ToC: Tree-of-Claims Search with Multi-Agent LLMs

Introduction

The paper "ToC: Tree-of-Claims Search with Multi-Agent LLMs" (2511.16972) introduces a novel framework designed to optimize patent claim drafting through a structured search methodology. The complexity of modern patents demands innovations that maximize novelty while retaining legal robustness. Traditional methods relying on manual drafting are burdensome and inconsistent, whereas early automated approaches using LLMs lack iterative reasoning capabilities. ToC presents an alternative that combines Monte Carlo Tree Search (MCTS) with a multi-agent system, consisting of an LLM-driven EditorAgent for proposing claim edits and an ExaminerAgent for critique.

Methodology

The fundamental innovation in ToC involves formulating claim optimization as a guided search problem. The framework integrates multi-agent cooperation with MCTS to methodically and dynamically adjust claims for patent submissions. Specifically, the EditorAgent provides context-aware edits, while the ExaminerAgent scrutinizes these proposals by simulating real patent examination processes. This examination is driven by a multi-objective reward function balancing novelty, scope preservation, and semantic coherence.
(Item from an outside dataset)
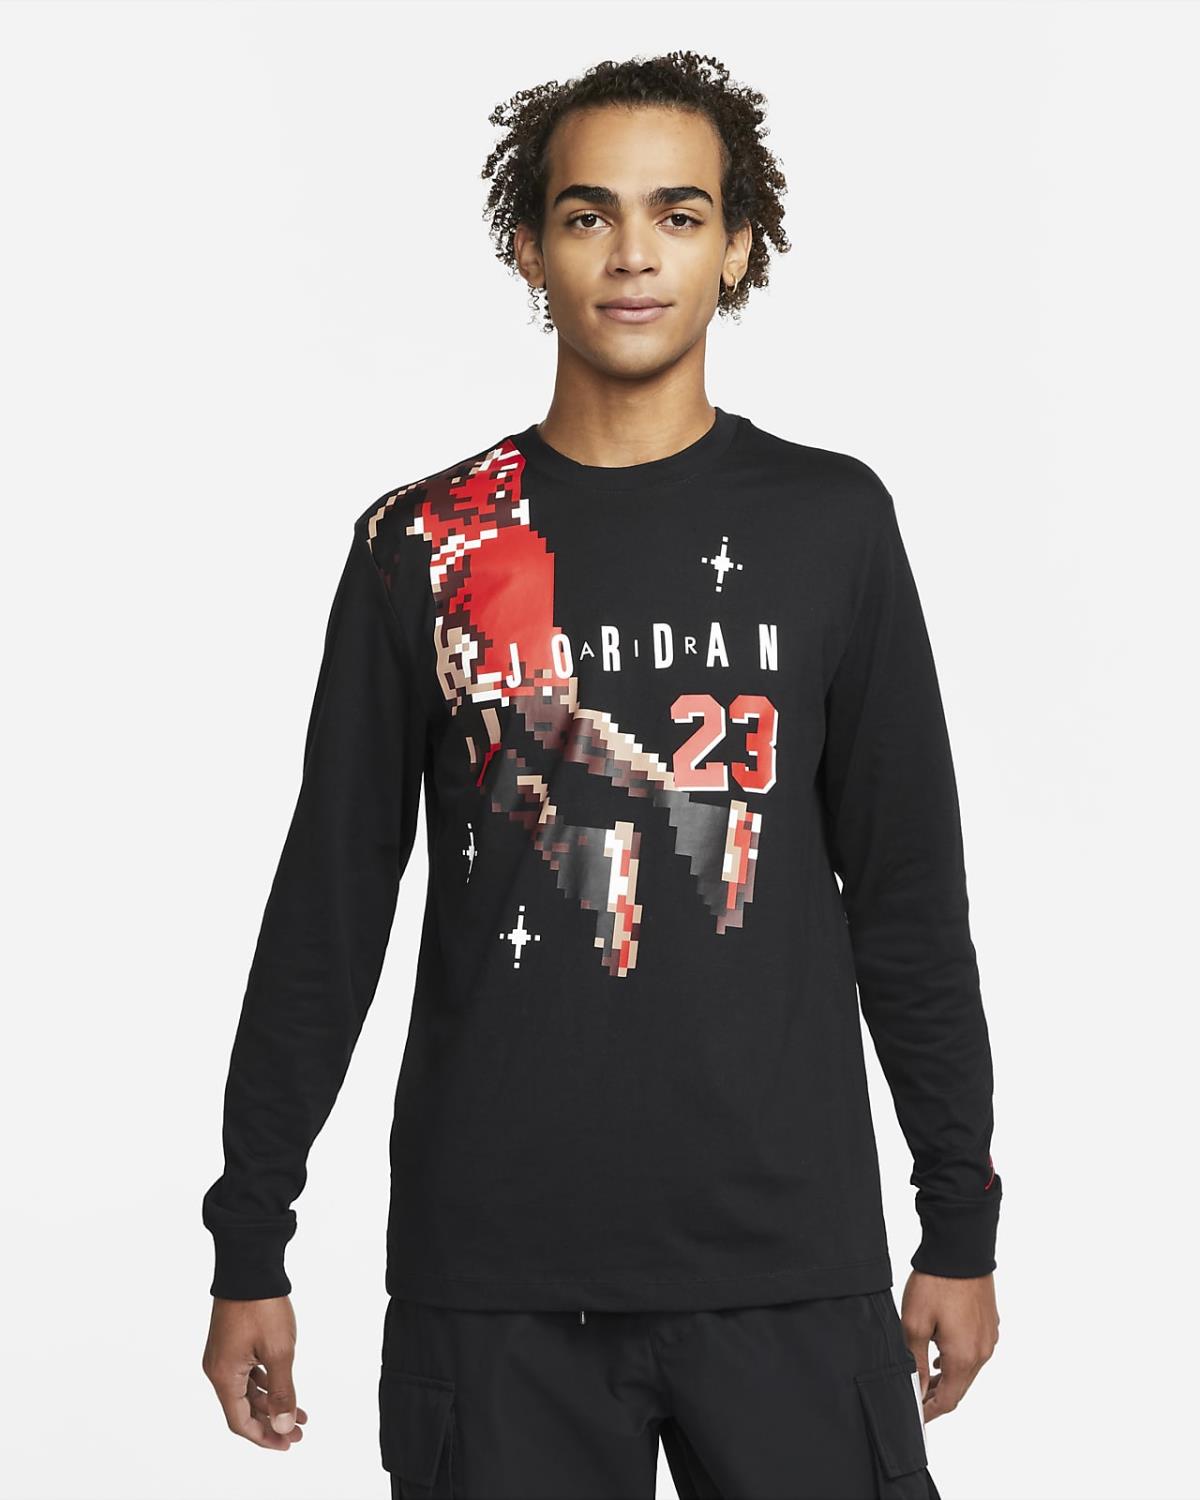 Jordan T-shirt manica lunga da uomo  DC9793 010 nero

To enhance strategic planning, ToC employs uncertainty-aware MCTS where tree nodes represent sequences of distinct editing operations. Techniques such as uncertainty gating and progressive widening facilitate the management of the extensive search space, ensuring each new claim iteration maximizes legal robustness and interpretability. Figure 1

Figure 1: Detailed workflow of the ToC methodology.

Experimental Results

Experimental evaluations demonstrate ToC's superiority over baseline LLM models, both in zero-shot and few-shot scenarios, achieving up to a 9% improvement in composite scores. The innovative approach demonstrates enhanced control and transparency in claim generation.

An ablation paper indicates the critical impact of components like uncertainty gating and multi-agent collaboration on performance metrics such as novelty and legal quality. The introduction of uncertainty mechanisms notably balances exploration and exploitation within the search process, contributing to consistent claim improvements. Figure 2

Figure 2

Figure 2

Figure 2: Sensitivity heat‑map: accuracy vs.\ uncertainty threshold and MCTS depth.

ToC builds on advancements across several domains. While LLMs have been explored for patent drafting, these methods typically lack the control needed for high-stakes applications. Multi-agent systems offer the benefits of collaboration, yet often focus on open-ended tasks, falling short in patent-specific constraints. The integration of search-based strategies, particularly through algorithms like MCTS, broadens the potential for systematic legal text optimization.

Implications and Future Developments

ToC sets a clear precedent for integrating structured search algorithms with collaborative LLM systems, significantly advancing the capabilities for automating complex legal drafting tasks. As AI continues evolving, the implementation of such systems could be extended beyond patent claims to other legal domains, offering robust solutions to high-stakes textual composition in areas like contracts and policy drafting.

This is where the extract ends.